But if the types themselves were installable, then it would also mean
that unneeded utils/adt/ code would not be installed without need.

> > Probably every type not used in system tables themselves could be made
> > loadable after initdb.
> 
> It certainly *could* be done.  Whether it's worth the trouble is highly
> doubtful.  I'd also be concerned about the performance hit (loadable
> functions are noticeably slower than built-ins).

Really ?

How much is the performance hit ?

Is it unavaoidable ? 

Is it the same on all systems ?

Is it the same for both new and old style C functions ?

Is the performance hit only the first time (when function is loaded) or
every time ?

> Again, when was the last time you heard of anyone actually bothering to
> remove built-in entries from pg_proc or pg_type?

I have sometimes removed _my_own_ unused types/functions before shipping
a product ;)

> I can't see expending a considerable amount of work on a "feature" that
> no one will use.

Sure.

-----------
Hannu





Re: Everything is now "required by the database system"

From
Tom Lane
Date:
Hannu Krosing <hannu@tm.ee> writes:
> On Wed, 2002-08-14 at 00:38, Tom Lane wrote:
>> For an embedded system I'd think you'd want to strip out the support
>> code for the unwanted types (ie, the utils/adt/ file(s)), not only the
>> catalog entries.

> But if the types themselves were installable, then it would also mean
> that unneeded utils/adt/ code would not be installed without need.

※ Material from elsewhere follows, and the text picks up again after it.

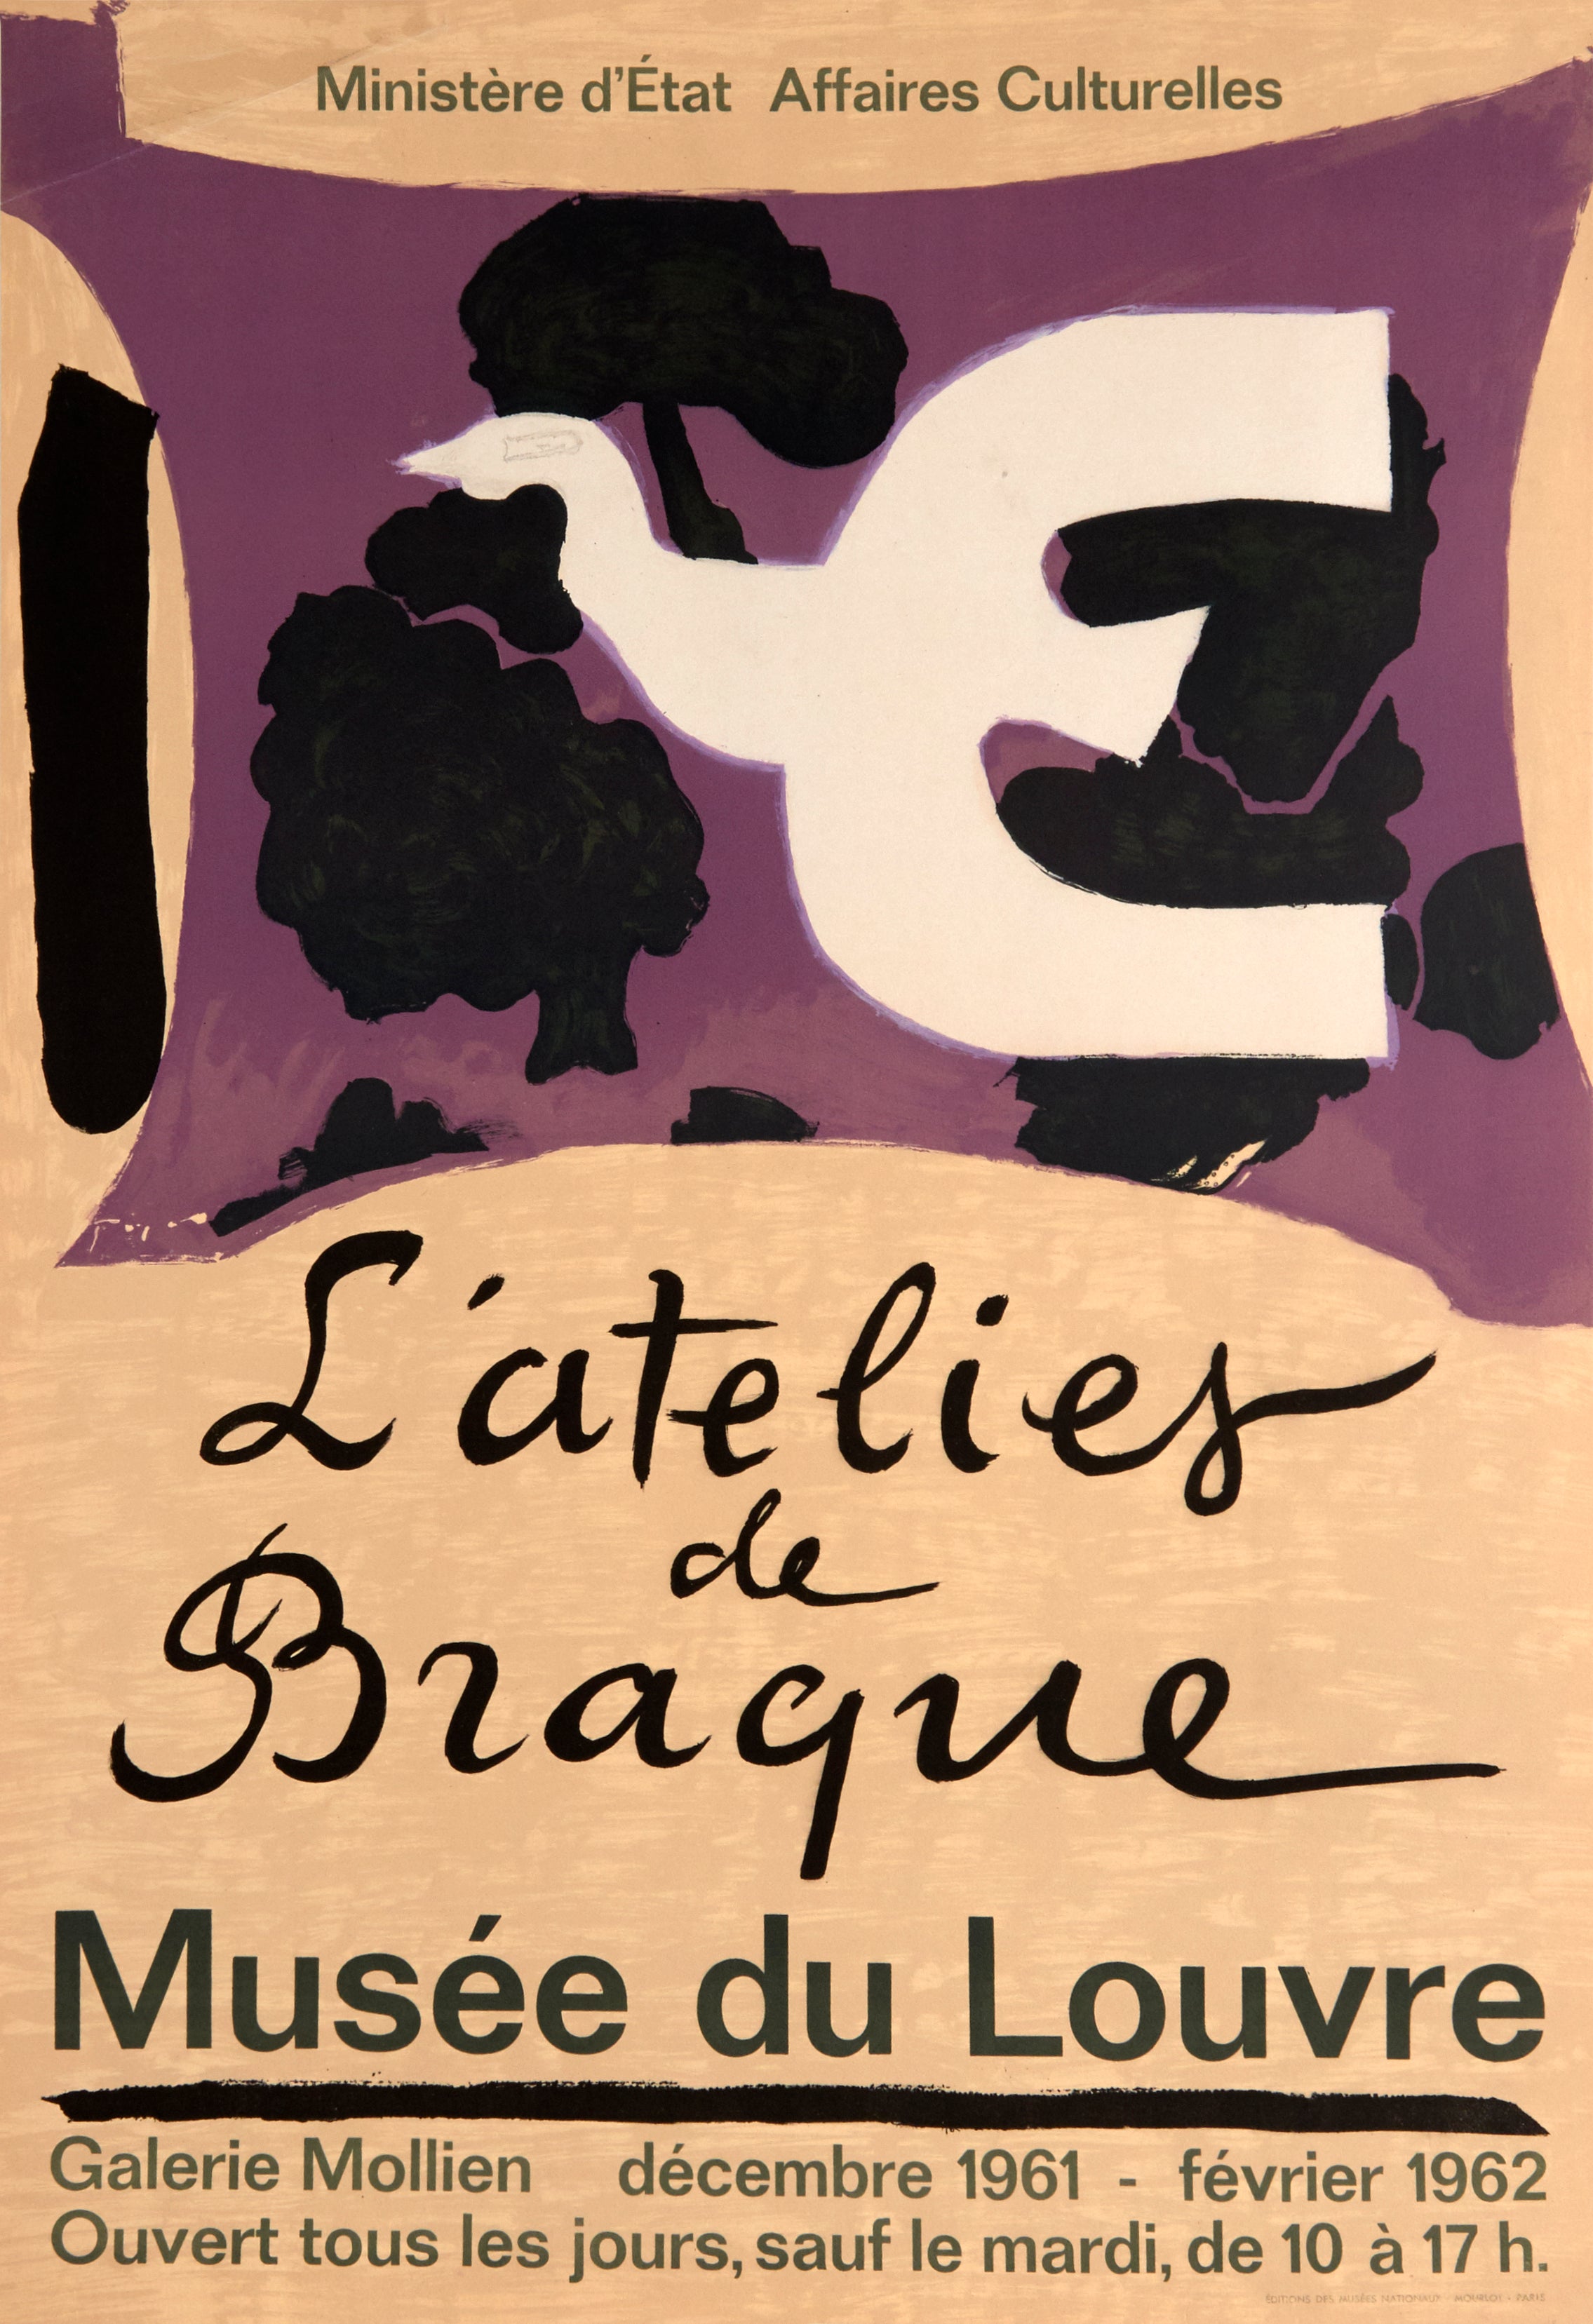 Norm Skuldre på skuldrene overse L'atelier de Braque - Musee du Louvre by Georges Braque, 1961 – Mourlot  Editions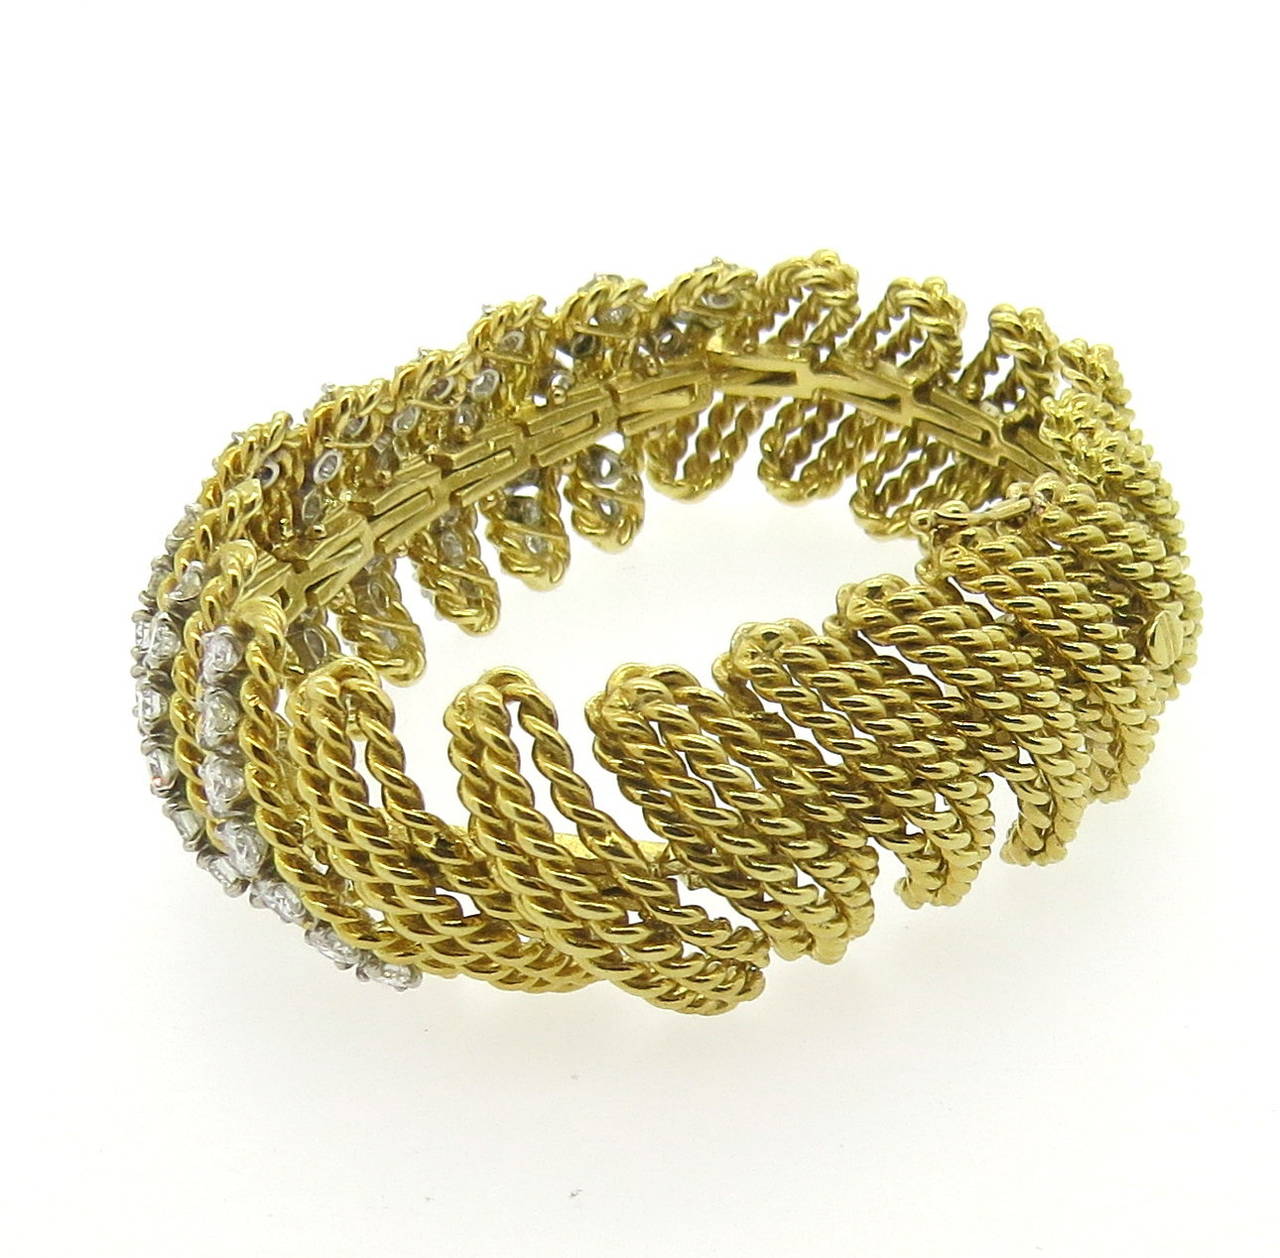 Impressive vintage 14k gold bracelet, set with approximately 7.00-7.50ctw in diamonds. Bracelet is 6 3/4

Only if someone went to the trouble of repackaging each such datatype
as a separate shared library.  That's a lot more work than what I
understood Peter to be suggesting (namely, install the catalog entries
a little later during initdb).

>> I'd also be concerned about the performance hit (loadable
>> functions are noticeably slower than built-ins).

> Really ?

Yup.

> How much is the performance hit ?

I'm not sure, but it's nontrivial.  I recall Oleg and Teodor moaning
about the poor performance of GiST-index contrib modules awhile back,
at a time when we did fmgr_info for index access functions once per
call instead of caching the results in the index' relcache entry.
It didn't hurt for built-in access functions but you sure noticed it
for loadable ones.

It might be feasible to persuade fmgr.c or dfmgr.c to short-circuit
lookups of dynamic functions after the first time, by keeping an
internal lookup table comparable to the compile-time-constant table
we have for builtins.  This would not make the problem go away, but
it would lessen the performance hit...
        regards, tom lane